Marquis de Talleyrand

Talleyrand’s strategy was mainly one of delay. He intended to end attacks on U.S. merchant shipping, but wanted first to increase his personal wealth, strengthen his political position within the Directory government, and ensure that he would deal only with Elbridge Gerry, the American commissioner who seemed most friendly to French interests. Talleyrand’s intermediaries were also interested in preserving peace with the United States as many of them had investments in U.S. businesses. However, as French military victories in Europe increased French power, the French changed the loan terms and threatened an invasion of the United States if the U.S. envoys did not capitulate. When the U.S. envoys proved unwilling to accede to French demands, Talleyrand eventually met with them formally, and dropped most of his requirements, but did not agree to end the seizures of American ships. Pinckney and Marshall made preparations to leave France, while Gerry intended to stay in the hopes of averting a war.
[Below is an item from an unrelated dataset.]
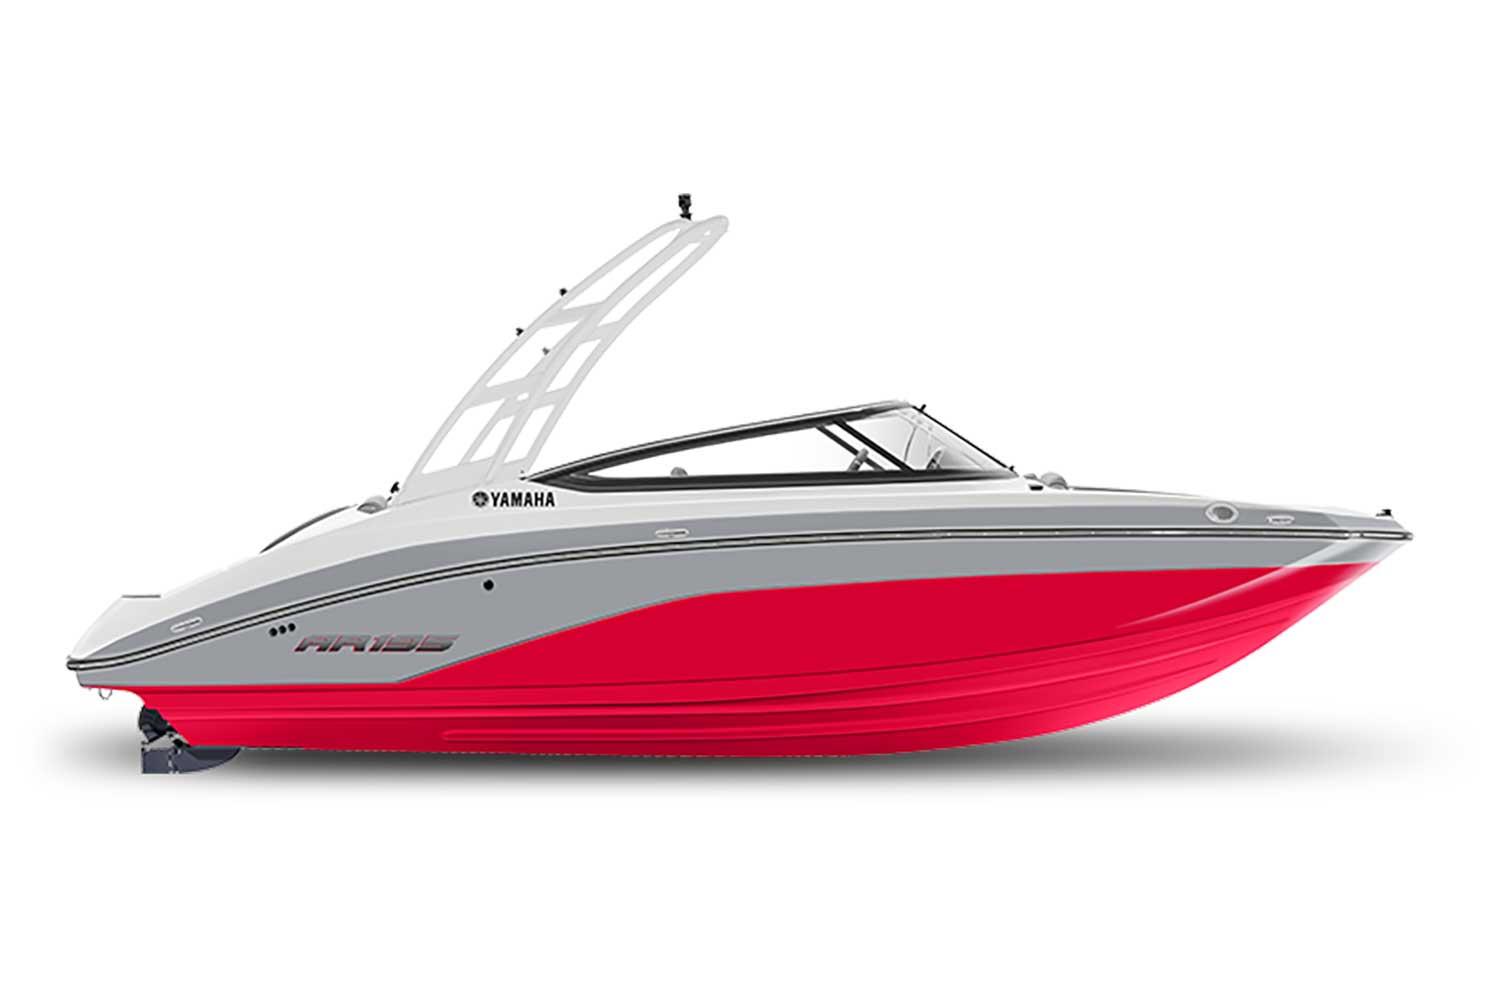 Yamaha Boats for sale - boats.com

In the meantime, the envoys’ dispatches reached the United States. President Adams prepared for war, and pro-war Federalists pushed Congress to support him. Leaders of the Democratic-Republican party were suspicious of Adams’ motives and demanded that he publicly release the diplomatic correspondence describing the negotiations in France. Adams, knowing its contents, obliged them and released the correspondence, but replaced the names of the French intermediaries with the letters W, X, Y, and Z.

Thereafter Adams continued preparations for war, but did not venture to openly declare war. Talleyrand, realizing his blunder, attempted to restore relations, and Congress approved a commission to negotiate an agreement with the French government. In the meantime, the U.S. Navy began to fight the French in the Caribbean, while offering support to Toussaint L’Ouverture in Haiti. In 1799, Congress also passed the Logan Act in response to the visit of a pacifist Quaker, George Logan, who conducted negotiations with Talleyrand as a private citizen and returned to the United States announcing Talleyrand’s peaceful intentions. The Logan Act criminalized unauthorized diplomatic negotiations.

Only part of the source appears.